As the students enter the room, the Lighthouse Problem is on the board and I hand out a paper copy to the students. I ask the students to set up the problem.  They are familiar with angle of elevation and depression, but their work may come to a screeching halt when it comes to actually finding the angle.  After giving students a minute or two to think about it, I plan to introduce the inverse trig functions on the graphing calculator, and then allow them to finish this problem, as well as the other problems included at the end of the lighthouse problem. This type of opening often motivates my students to pay attention for the rest of the lesson. Caution: New Skills Ahead!


Solving More Problems

40 minutes

To begin this segment of the lesson I hand out the Finding Angle Measures problem set.  It includes 3 types of problems:

  1. Standard problems in which the students use trigonometry to find angles and lengths of sides of right triangles, including 2 word problems in which students must draw their own diagrams. (Problems 1-8)
  2. Non-standard problems in which the students are given figures without right angles.  The students will need to draw in the heights of the figures in order to solve the problems using trig.  (Problems 9 and 10)
  3. Problems in which the students focus on the definitions of the trig functions to answer the questions.  These problems include proving the Pythagorean identities   and the Law of Sines.  For those students needing scaffolding, I have included a modified version of this assignment, which helps to lead them through the steps of the proofs.  (Problems 11-13)
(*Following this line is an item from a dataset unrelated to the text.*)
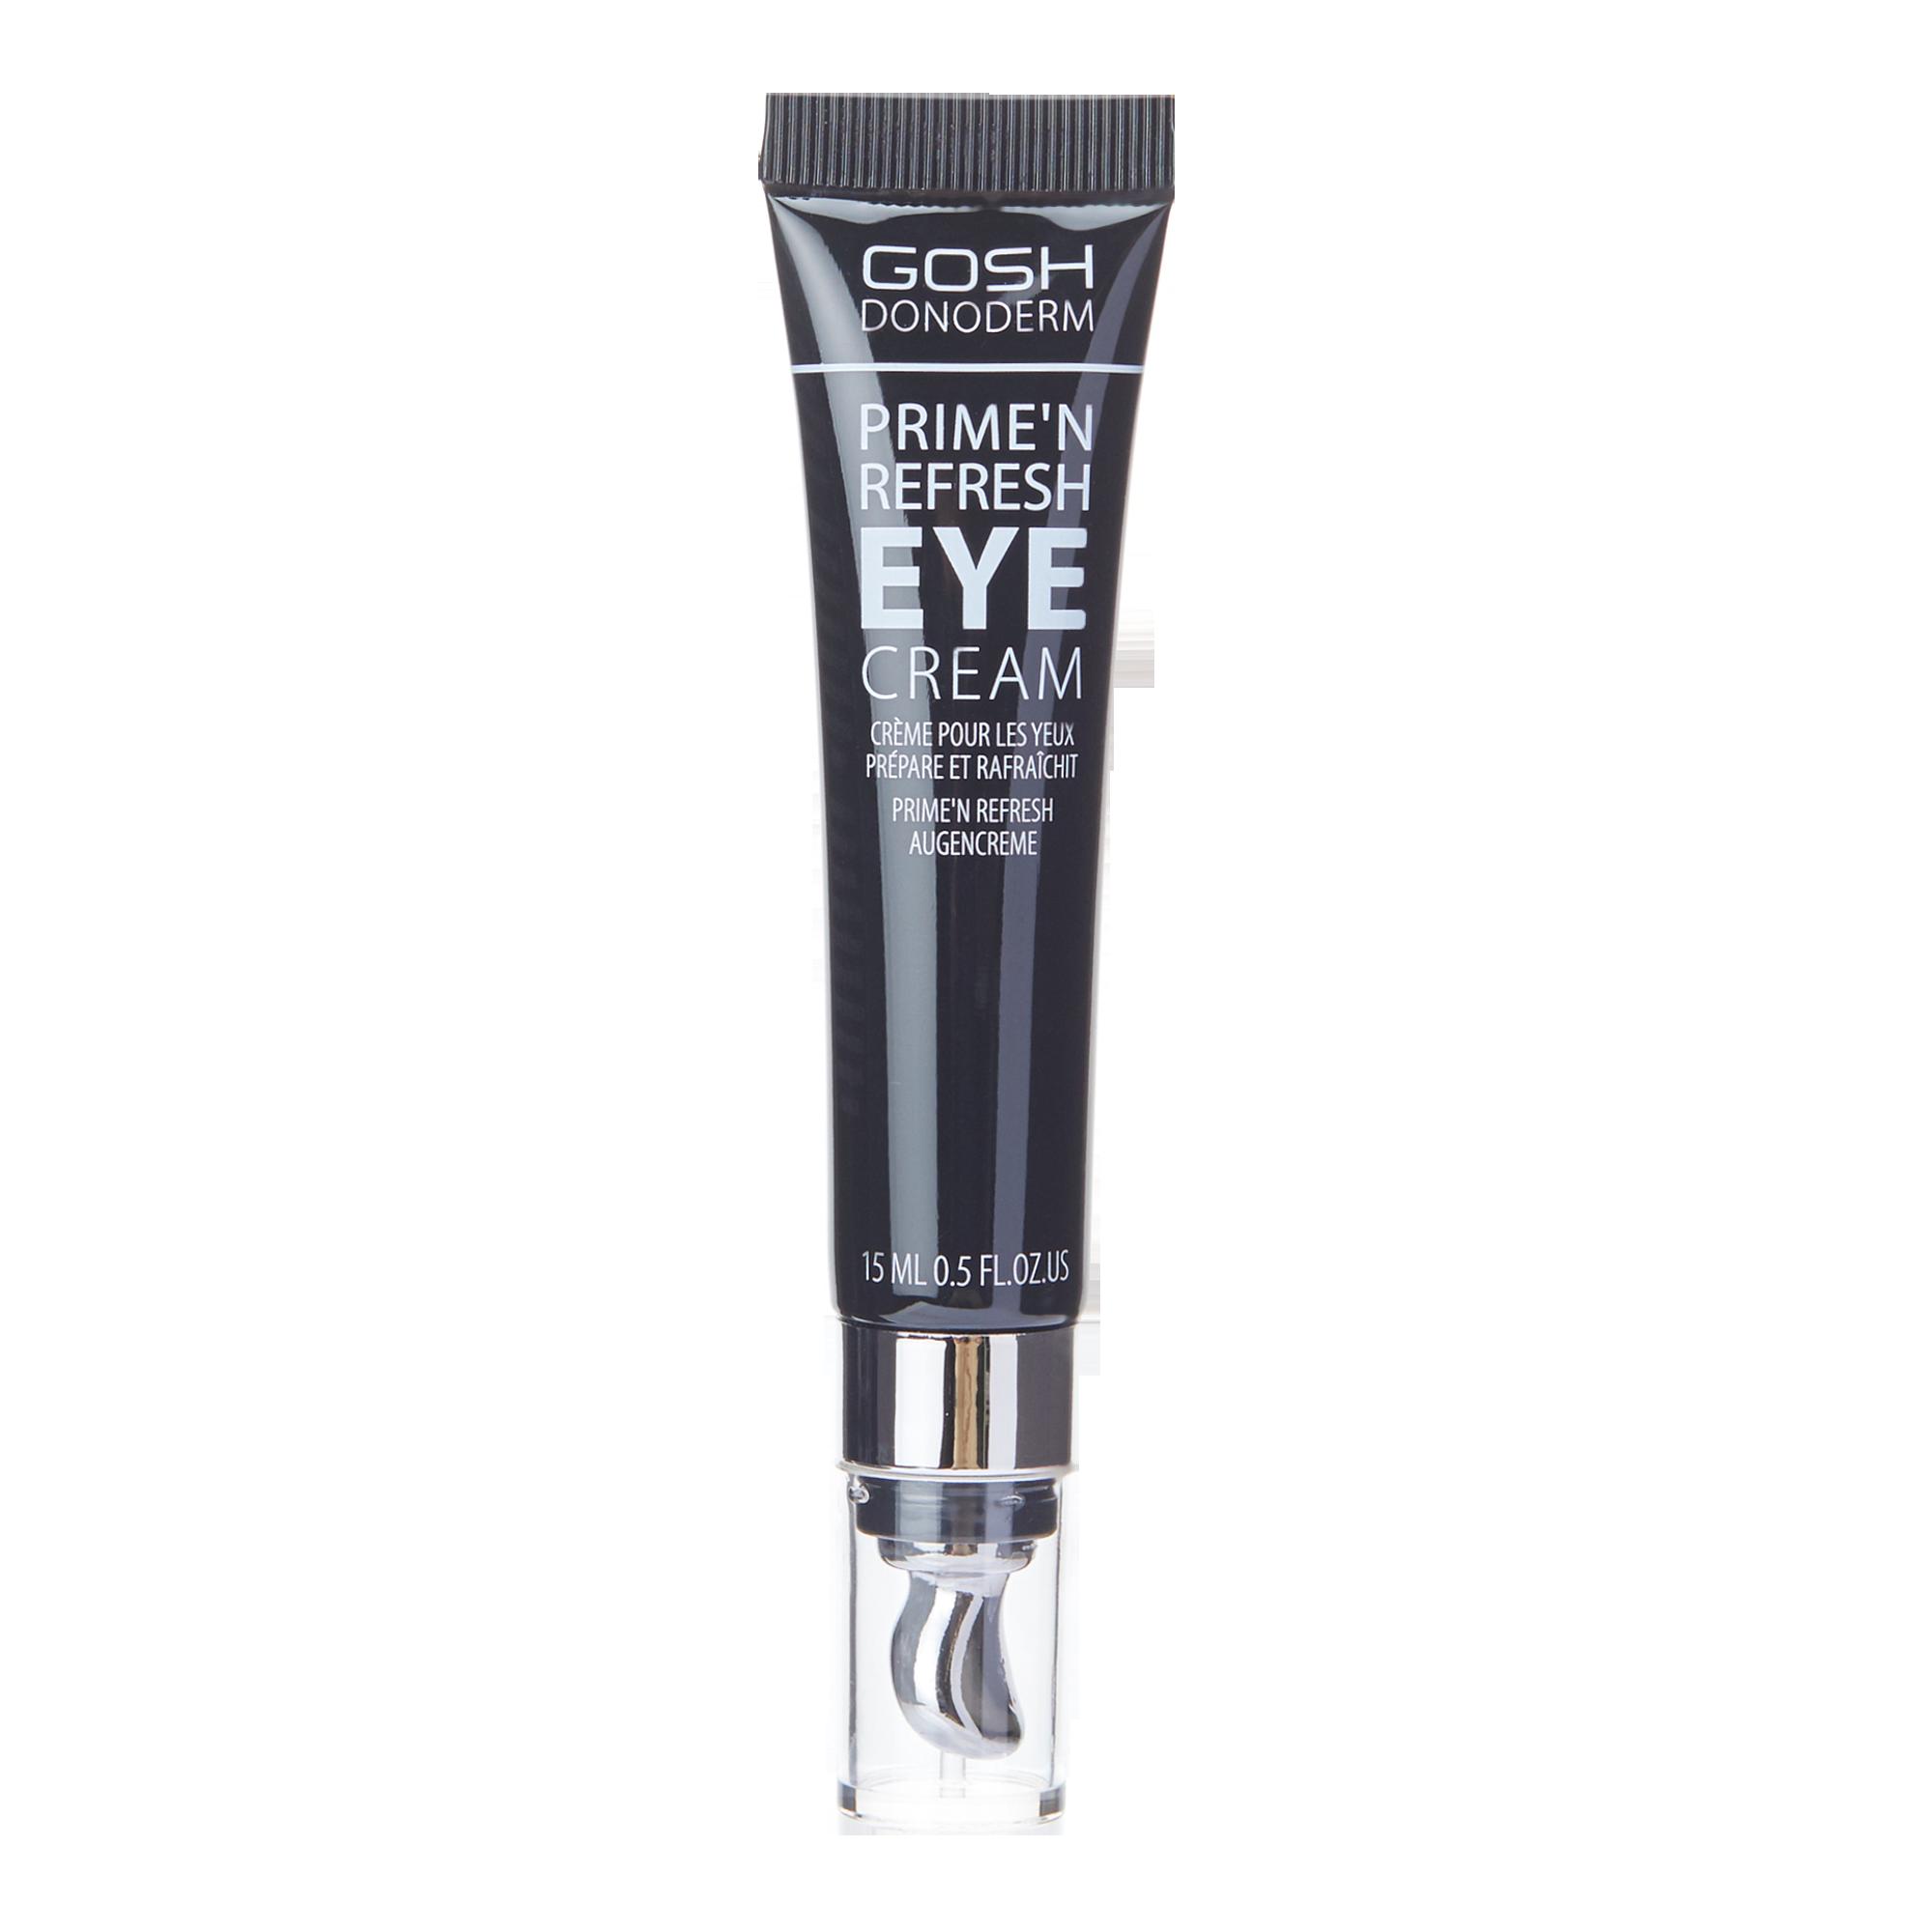 GOSH - Donoderm Eye Cream 15 ml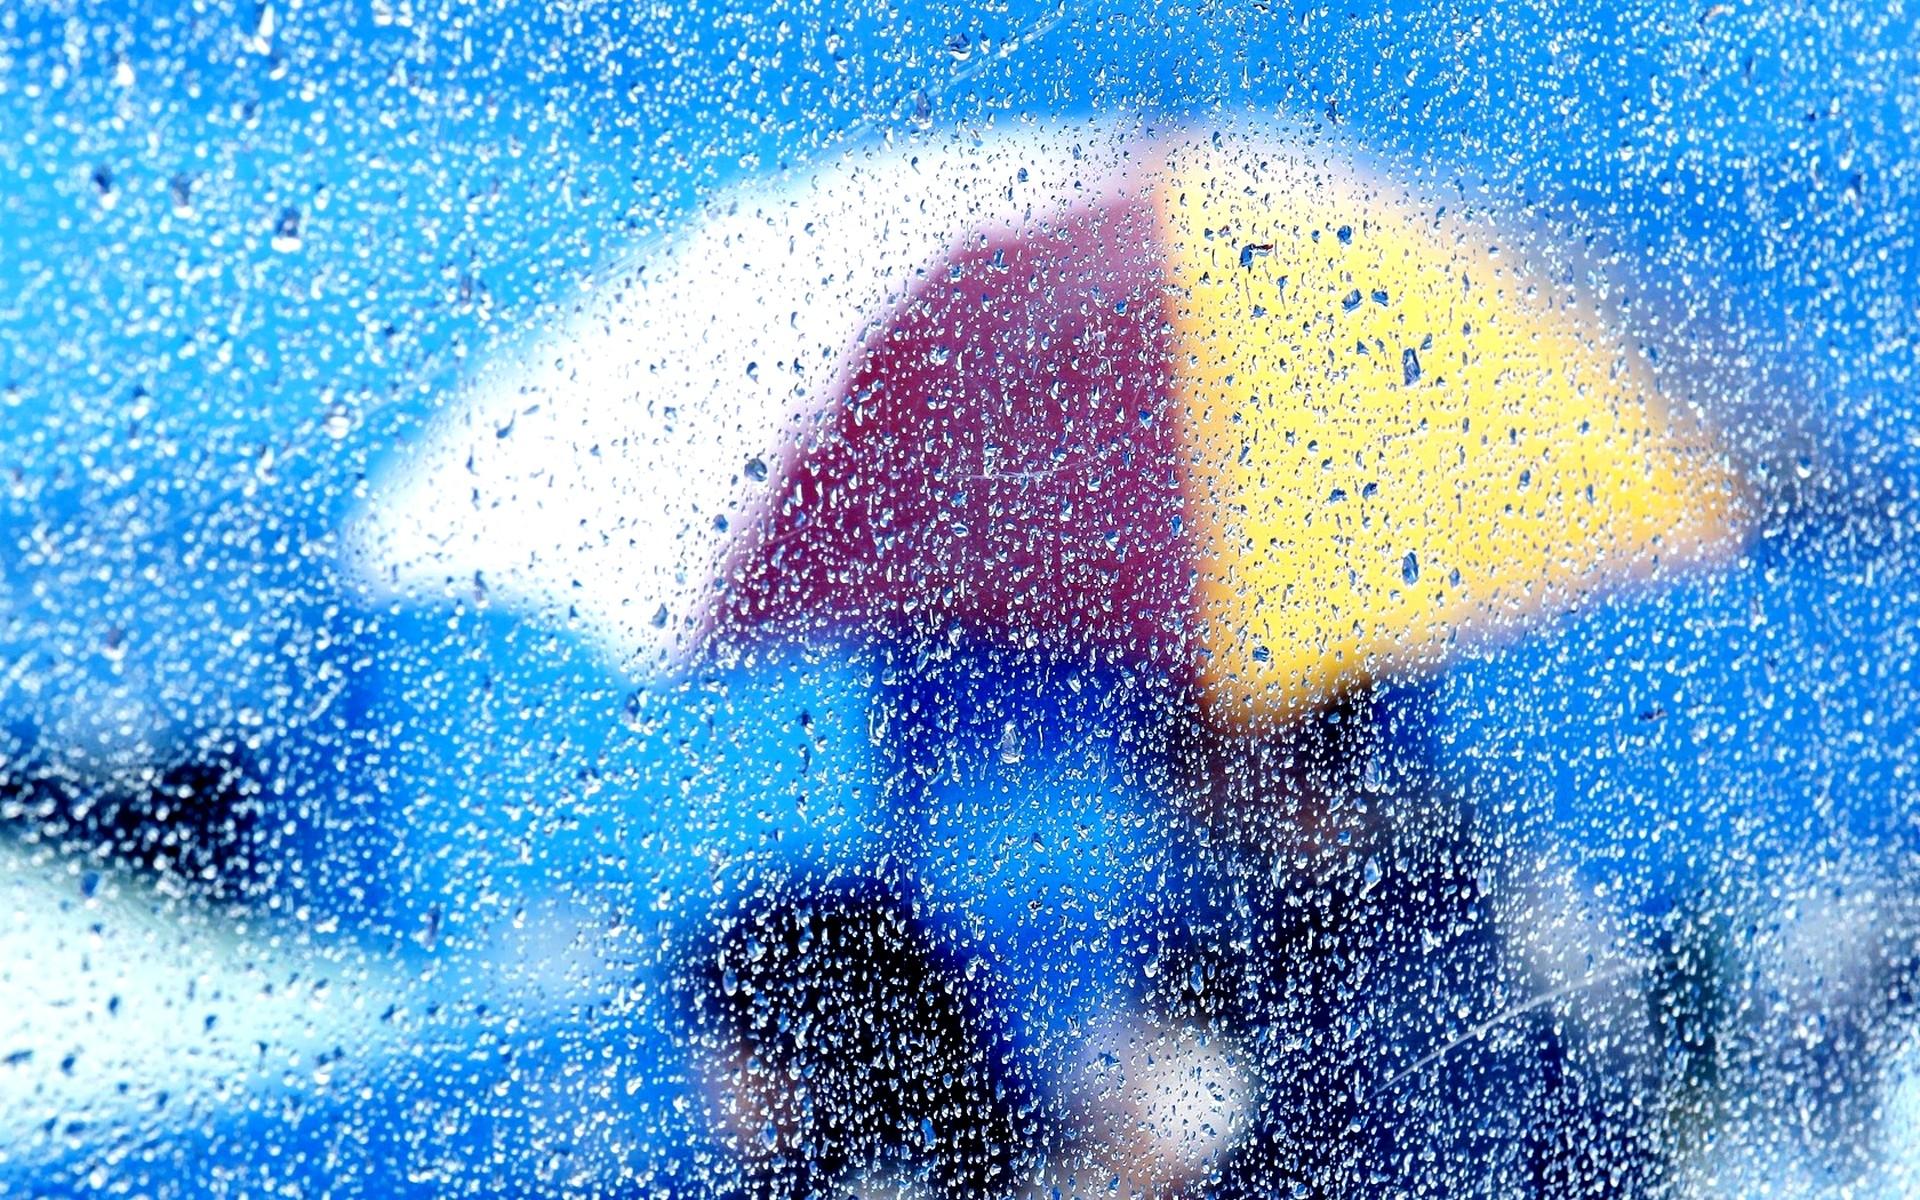 Rain Hd Wallpaper 75 Images

I also provide Answers to Finding Angle Measures that can be handed out to the students or posted somewhere in the room, so that they can check their work periodically. Students work in their groups, and I walk around the room providing support questions where needed.  

Lesson End

2 minutes

To bring this lesson to closure, I hand out a slip of paper (Reflection) to the students on which I ask them to reflect upon:

           How is trig going for you?  Is there anything on which you are struggling? 

           What do you find easy? What do you find hard?